What is the Internet

  • Network: Communications system connecting two or more computers.
  • LAN:  Local Area Network connects, usually by cable, a group of desktop PCs and other devices, such as printers, in an office or a building. 
  • MAN:  Metropolitan Area Network   A data network intended to serve an area the size of a large city. Such networks are being implemented by innovative techniques, such as running optical fiber through subway tunnels.
  • WAN:  Wide Area Network A communications network that uses such devices as telephone lines, satellite dishes, or radio waves to span a larger geographic area than can be covered by a LAN.
  • Internet:  A network of networks. It is a worldwide network that connects more than 400,000 smaller indepenedent networks or WANs in more than 200 countries. It joins many government, university and private computers together and providing an infrastructure for the use of E-mail, bulletin boards, file archives, hypertext documents, databases and other computational resources.

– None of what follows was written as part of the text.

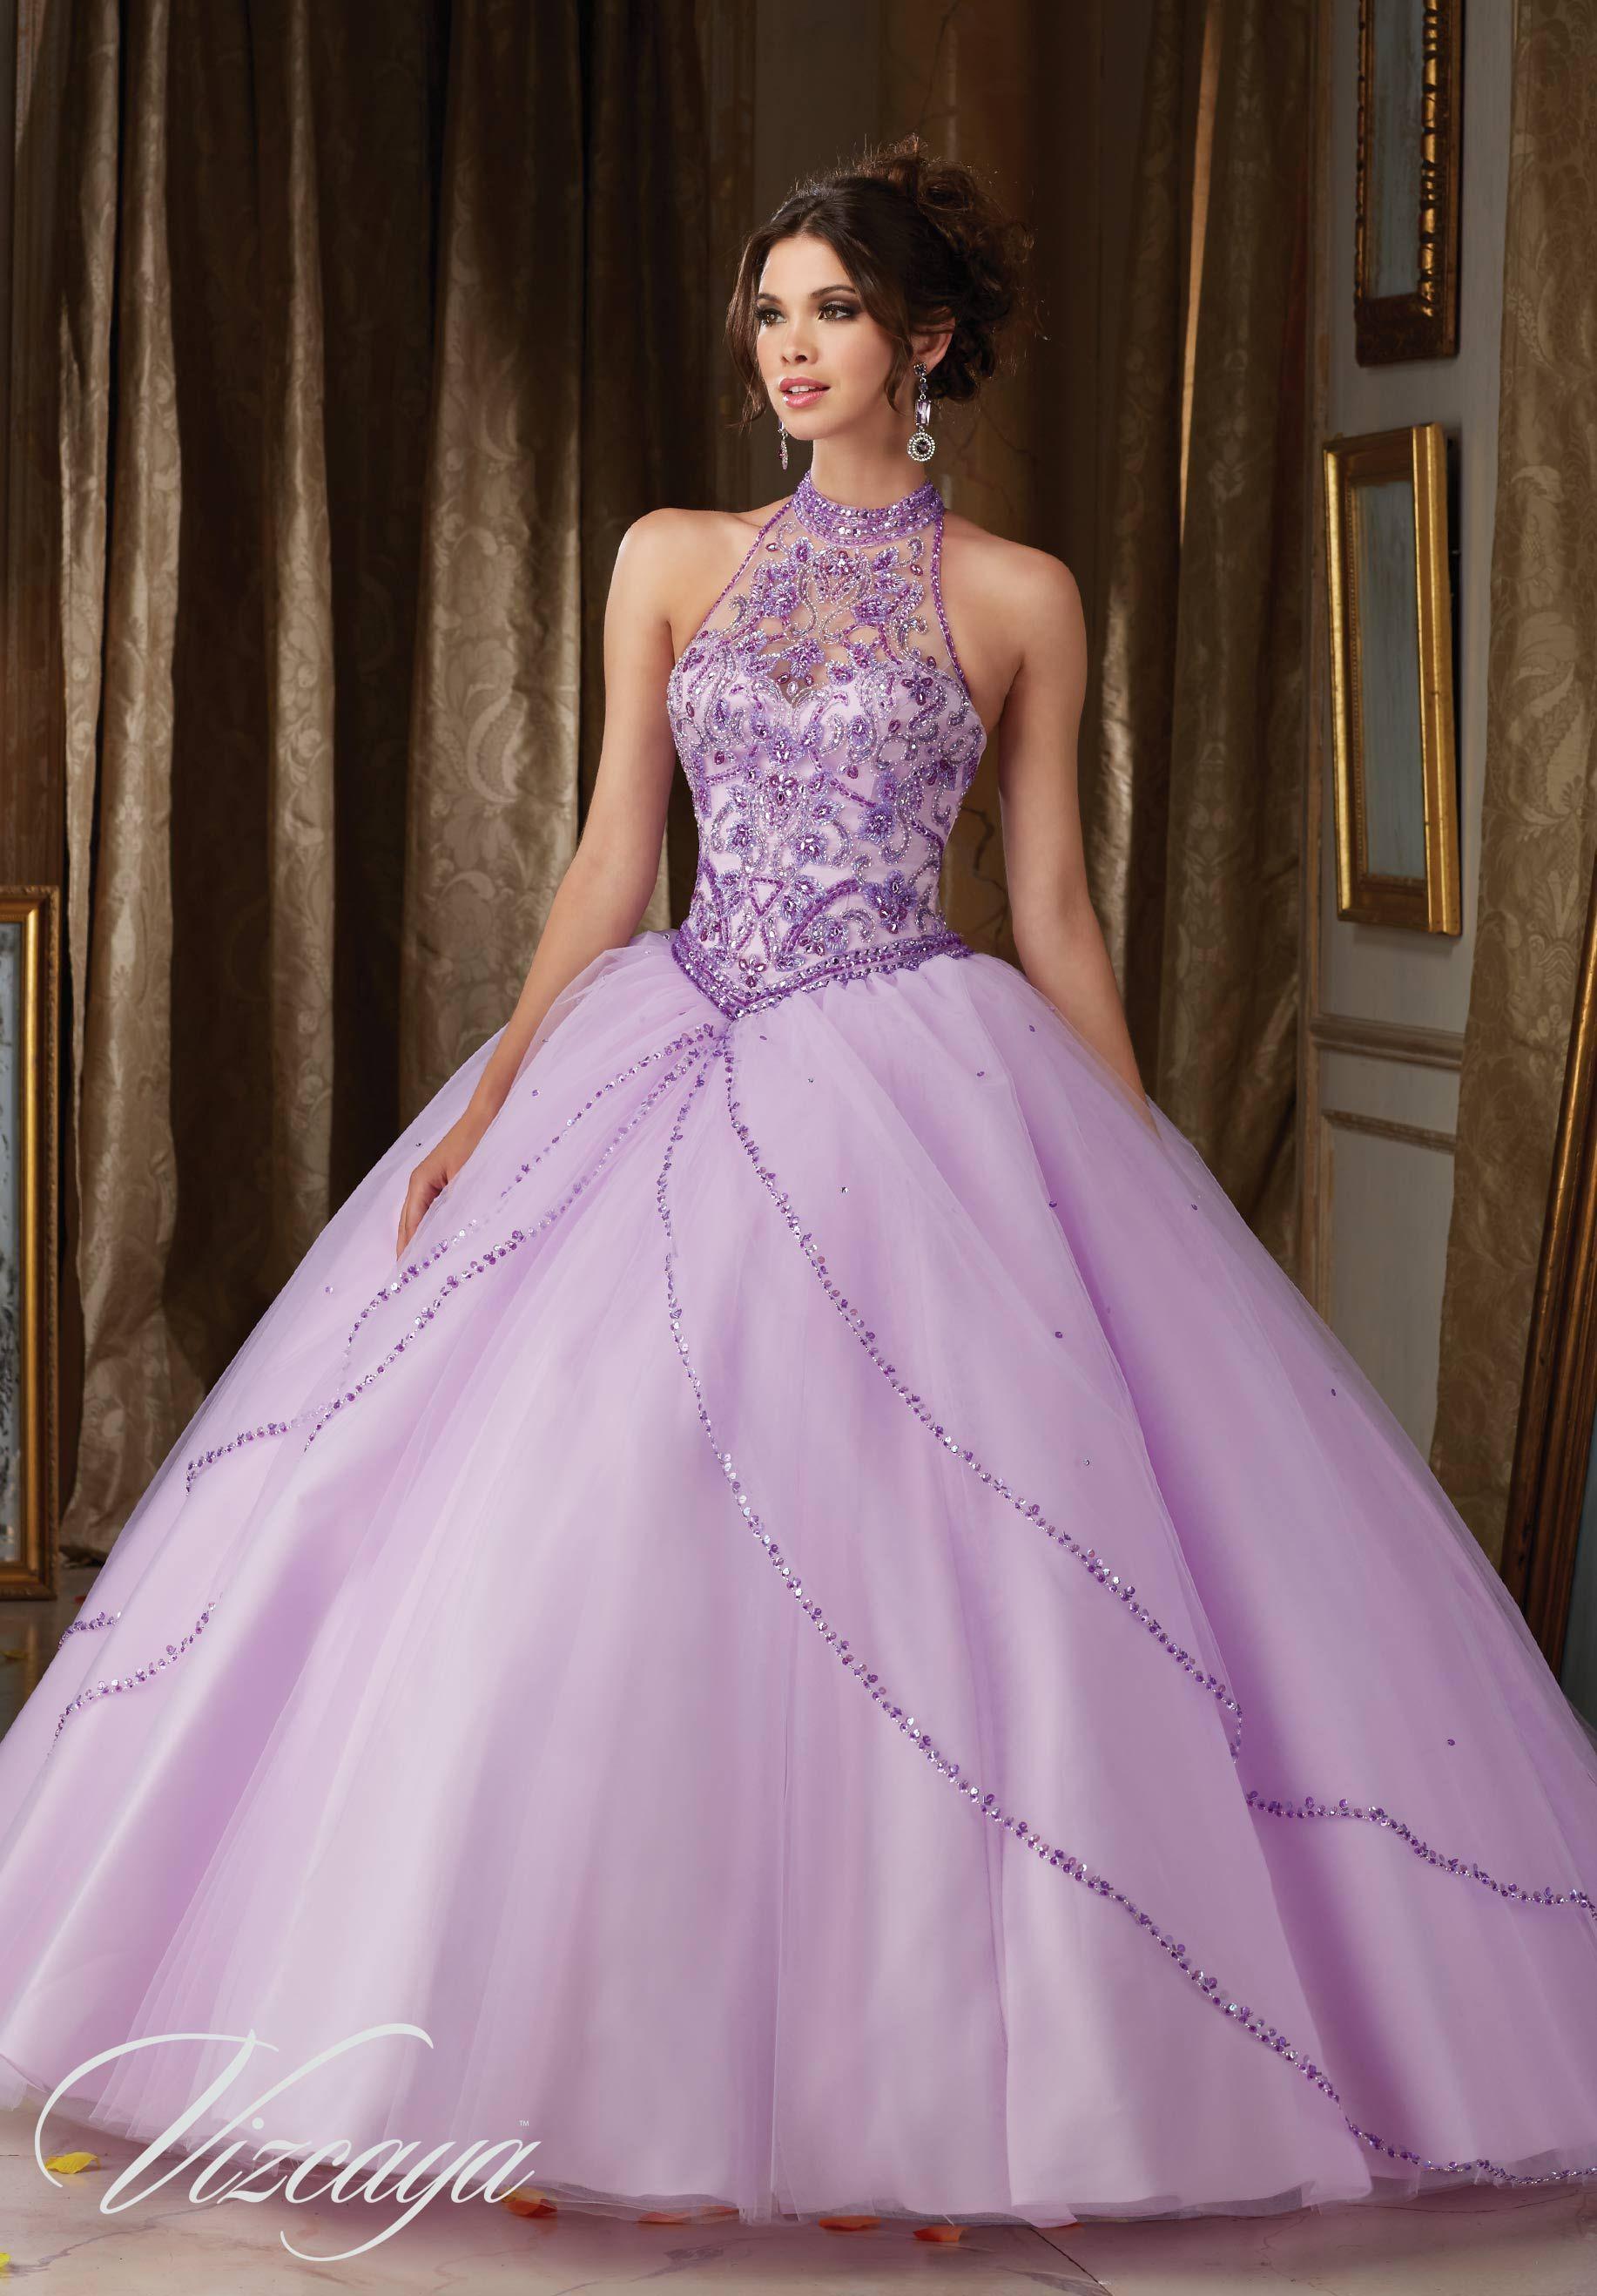 Tulle dress princes buscar con google vestidos de pinterest

Basic Concepts of Internet and WWW

Internet consists of:

  • Computer hosts (or servers): providing information such as HTML pages, or services file access, email, etc.
  • Routers and switches: specialized computers that route traffic on the Internet between clients and servers, and among different hosts.
  • Communication Channels: Leased phone lines (such as T1, T3, etc.); Cable; Satellite; Wireless. Together these channels make the communication "backbone" for the internet.

Bandwidth by Connection

  • Bandwidth: the capacity or amount of data that can be transmitted across a communication channel. The higher the capacity, the quicker web pages or files download on your computer. Usually measured in terms of bits per second (bps).
  • Telephone lines - 28 Kbps (kilobits per second) to 56 Kbps
  • DSL (Digital Subscriber Line) - 512 Kbps to 1.5 Mbps (megabits per second)
  • Cable modems - up to 10 Mbps
  • T1 leased line - 1.54 Mbps
  • T3 leased line - 44.7 Mbps
  • ATM (Asynchronous Transfer Mode) - 622 Mbps

Client-Server Model

  • Internet is based on client / server model
  • Client is end user’s computer or workstation with software that sends requests to a server
  • Server (or host) is remote computer with software that handles requests from clients
  • In the case of the Web: client software is a Web browser (running on the client computer), and the server software is a Web (or HTTP) server, running on the host computer. Examples of browsers are Internet Explorer and Netscape. Examples of Web servers are Microsoft IIS and Apache.
  • In the case of Email: client software is an email client software (such as Outlook), and the server software is a mail server.

TCP/IP

  • Transmission Control Protocol / Internet Protocol
  • Protocol (set of rules) used for formatting, ordering and error checking data sent over a network
  • TCP - divides data into packets
  • IP - handles delivery of packets
  • All computers connected to Internet must "speak" TCP/IP

Additional Internet Protocols

  • http - HyperText Transfer Protocol: rules for transferring web pages
  • ftp - File Transfer Protocol: rules for downloading files like software programs
  • telnet - rules for logging into remote computers connected to the Internet
  • smtp - Simple Mail Transfer Protocol: rules for transferring email messages
  • wap - Wireless Application Protocol: used by wireless devices when they are used online
  • mailto - used on the client-side for sending email (via mail client software)
  • file - used for local file access (on the client computer)

IP Addresses

  • Each Internet host must have unique IP address (like a phone number)
  • Consists of set of 4 numbers, each separated by a period (dot)
  • Numbers range from 0 to 255
  • IP address for the main CTI server is: 140.192.32.136
  • The "domain name" corresponding to this address is "www.cs.depaul.edu"

Domain Name System (DNS)

  • System for converting IP addresses into alphanumeric characters
  • Organized as a hierarchy of domains and subdomains
  • Domain names have format:

hostname.subdomain.toplevel-domain

  • Hostname - name given to the host computer (often www but not always)
  • Subdomain - name of a network (or subnetwork) to which the host computer belongs
  • Top Level Domains:
    .edu for education
    .org for non-profit organization
    .gov for government
    .com for commercial
    .net for network
  • New top level domains have been approved (.biz, .name, .info, etc.)


 

Packet Switching

  • Basic method used for all data transmission (email, web pages, etc.) via TCP/IP
  • Files and even email messages broken into small packets
  • Each packet includes IP address of sender and IP address of destination
  • Packets may travel different paths to destination
  • Packets are reassembled after all arrive at the destination computer

  • Packet switching demo:

http://www.pbs.org/opb/nerds2.0.1/geek_glossary/packet_switching_flash.html

URL Uniform Resource Locator

  • Address in a format that identifies an individual object (web page, image, sound file, etc.) on the Internet

  • Analogy is a phone number

  • URL is unique for each object

  • Must be typed exactly (often case sensitive)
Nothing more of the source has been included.